Written by - Sana Quayyum
Designation - Intern, MediateGuru
The BALCO judgement has been a watershed decision as far International Arbitral Proceedings are concerned. It highlights the question that whether the arbitration proceedings held outside India or international commercial arbitration (ICA) with seat of arbitration outside India where the intervention of the Indian Court is sought by Indian parties in setting aside of foreign awards and making them unenforceable in India and thereby making the entire arbitration proceeding futile is validated by the Arbitration and Conciliation Act, 1996 (the Act) or not. In simpler terms whether Indian Courts can intervene in the arbitral proceedings conducted outside the India at international level. On 6th September 2012, the Constitutional bench of the Supreme Court by overruling its prior decisions of Bhatia Trading v. Bulk trading[1] and Venture Global Engineering v. Satyam Computer Services Ltd.[2] held that Part I of the Act does not apply to arbitration proceeding are held outside India and Indian Court cannot pass interim orders or set aside the foreign awards by resorting to Part I of the Act.
In order to understand the position post BALCO judgement, one must understand the pre-BALCO judgement status. The major decisions include Bhatia and Venture Global case. The Supreme Court in Bhatia Trading v bulk trading held that Part I of the Act applies to foreign awards passed by ICA proceedings that were held outside India. The Court was of opinion that Section 2(2) has neither expressly nor impliedly excluded the application of Part I to ICAs held outside India and hence it shall be applicable to ICA held outside India. In Venture Global v. Satyam Engineering the Court passed interim orders under Section 34 of Part I of the Act against the award passed in ICA held outside India relying on Bhatia Trading judgment.
These decisions were overturned by the Apex Court in 2012. The brief facts of the BALCO case were that the Appellants entered into an agreement with the respondents who were required to supply and install computer based system at one of the appellant’s premises. It was governed by the prevailing law of India containing an arbitration clause stating that any dispute which may arise in future shall be governed by the English arbitration law venue being London. A dispute with respect to performance of agreement arose and was referred to arbitration. The arbitration proceeding were held in England and two awards were passed in the proceeding. An application was filed under S.34 of Act for setting aside awards. The District and the High Court of Chhattisgarh refused to set aside the awards and an appeal was filed against the said order in the Supreme Court of India.

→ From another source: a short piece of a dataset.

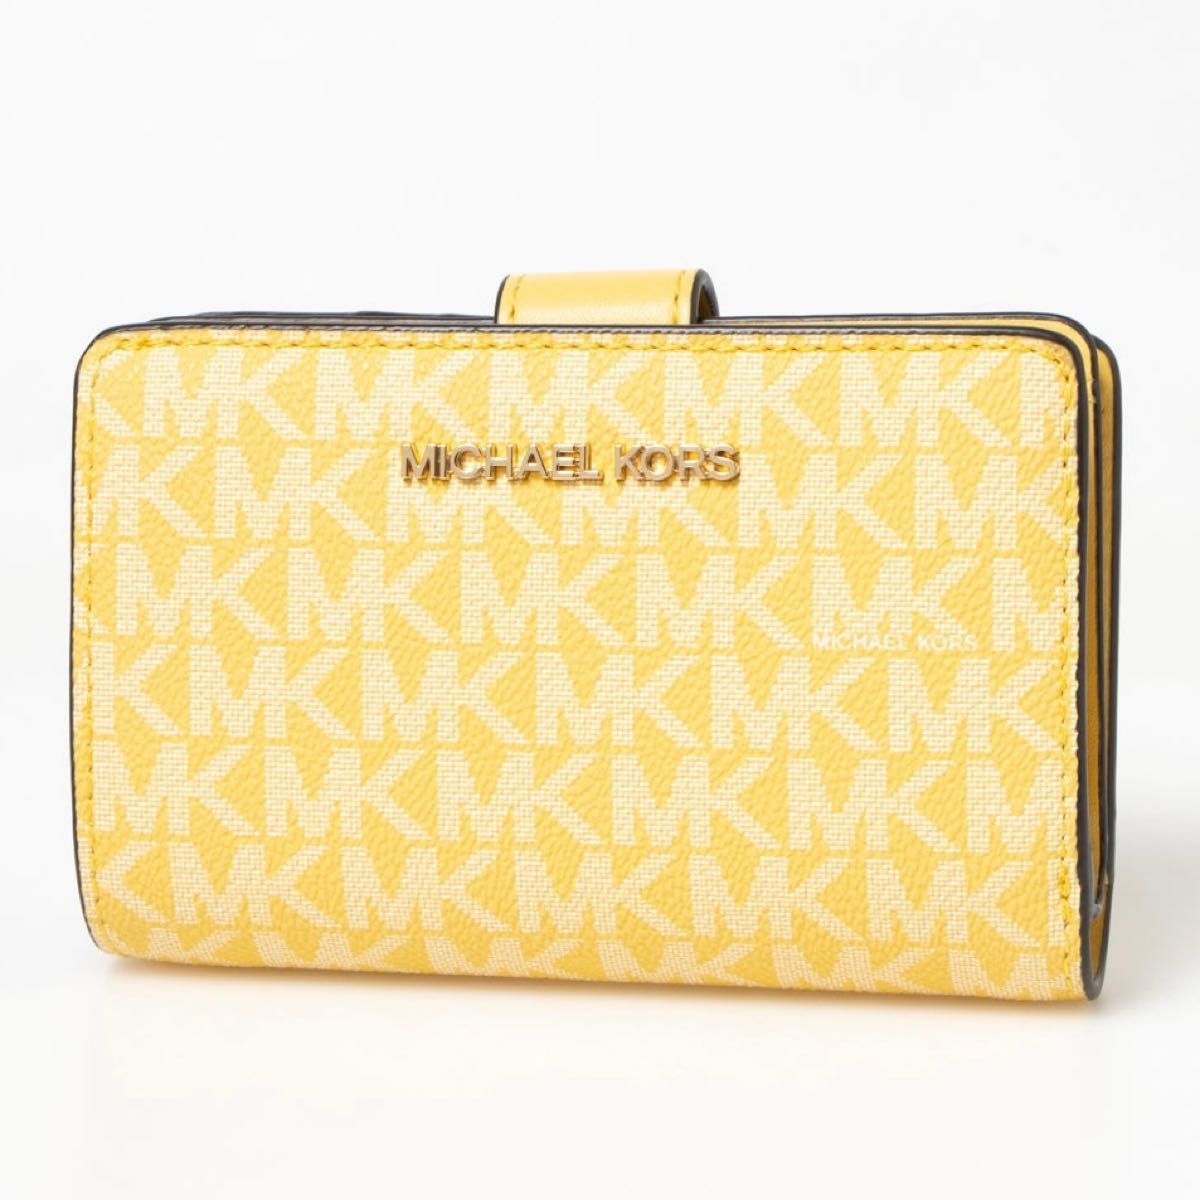 【新品】 MICHAEL KORS マイケルコース 折り財布 イエロー 黄色 二つ折り財布 財布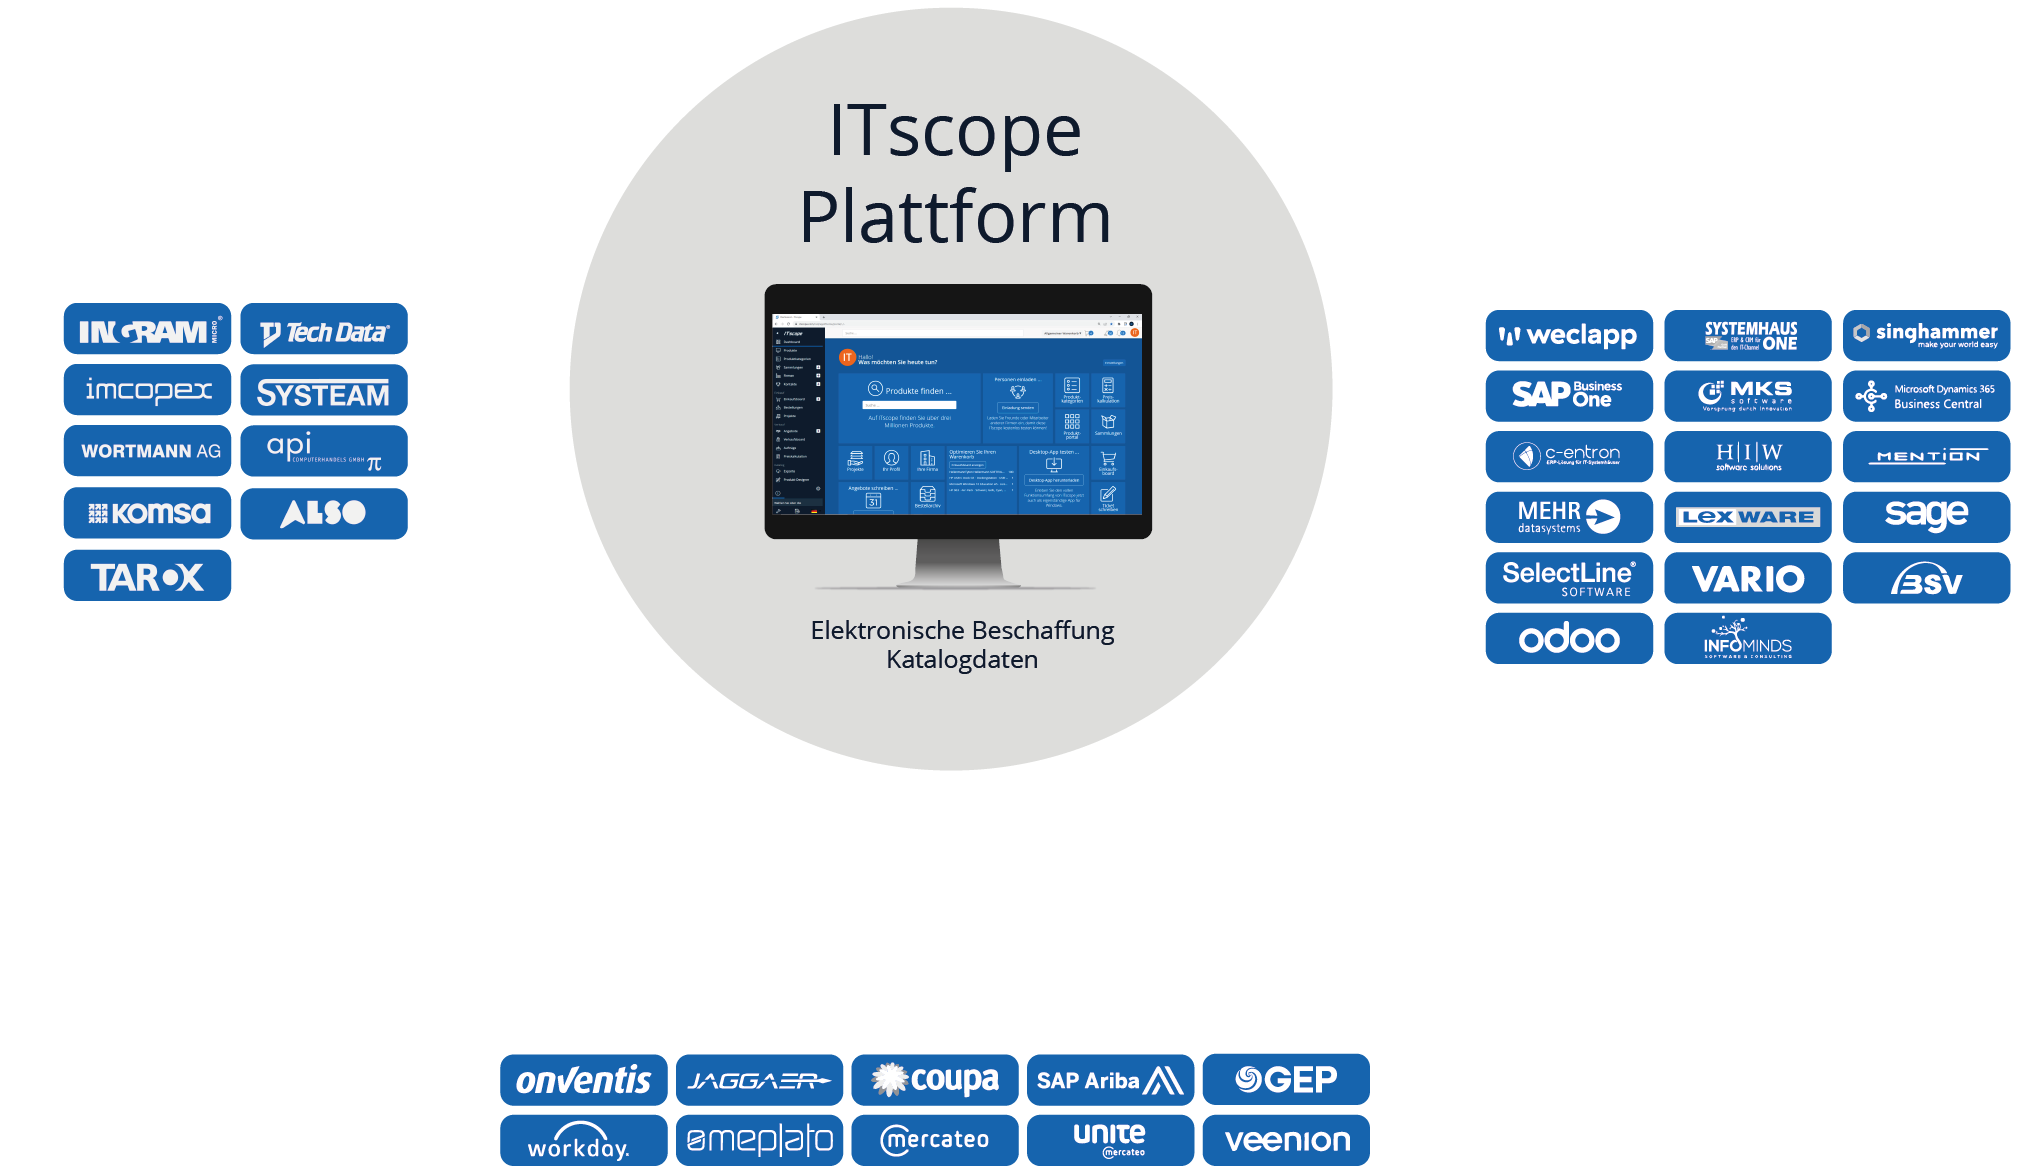 ITscope Plattform: Elektronische Beschaffung Katalogdaten. Fungiert als E-Procurement-System des Endkunden. EDI-Schnittstellen zu Distributoren, API-Schnittstellen zu ERP-Systemen der Systemhäuser.

The Apex Court observed Part I is applicable to all domestically rendered arbitration proceedings including arbitration proceeding with either no foreign party or arbitration with both foreign parties but held in India or ICA proceeding held in India. And Part II of the Act is concerned with enforcement of foreign awards in India. The territoriality principle of UNCITRAL Model law has been enshrined in the Indian Arbitration act. Section 2 (7) distinguishes a domestically rendered award covered by Part I from foreign award covered by Part II and excludes the possibility of the award passed in arbitration proceedings held in India involving two foreign parties being considered as non-domestic award by providing that such an award shall be domestic award.
Section 48 doesn’t confer jurisdiction on two courts to annul the award but provides alternative to parties to challenge the award in case law of the country where seat of arbitration is located has no provision for challenge of the award. Thus not specifically providing conferment of jurisdiction on Indian court to set aside awards made outside India.
The definition of foreign awards has been intentionally limited to New York and Geneva conventions, there being no provision in the Act in respect to enforcement of non-convention arbitral awards, remedy with respect to the same cannot be incorporated in Act and which requires necessary amendments to be introduced only by the Parliament.
The only critical point of the judgement was that it be applicable prospectively on all arbitration agreements executed post the date of 6th September 2012.
The 2015 Amendment Act, however, compensated for some of the shortcomings in BALCO by adding a proviso to S.2(2) of the Act lying down that the provision for interim relief by the court (S.9) shall be applicable to even foreign seated arbitrations.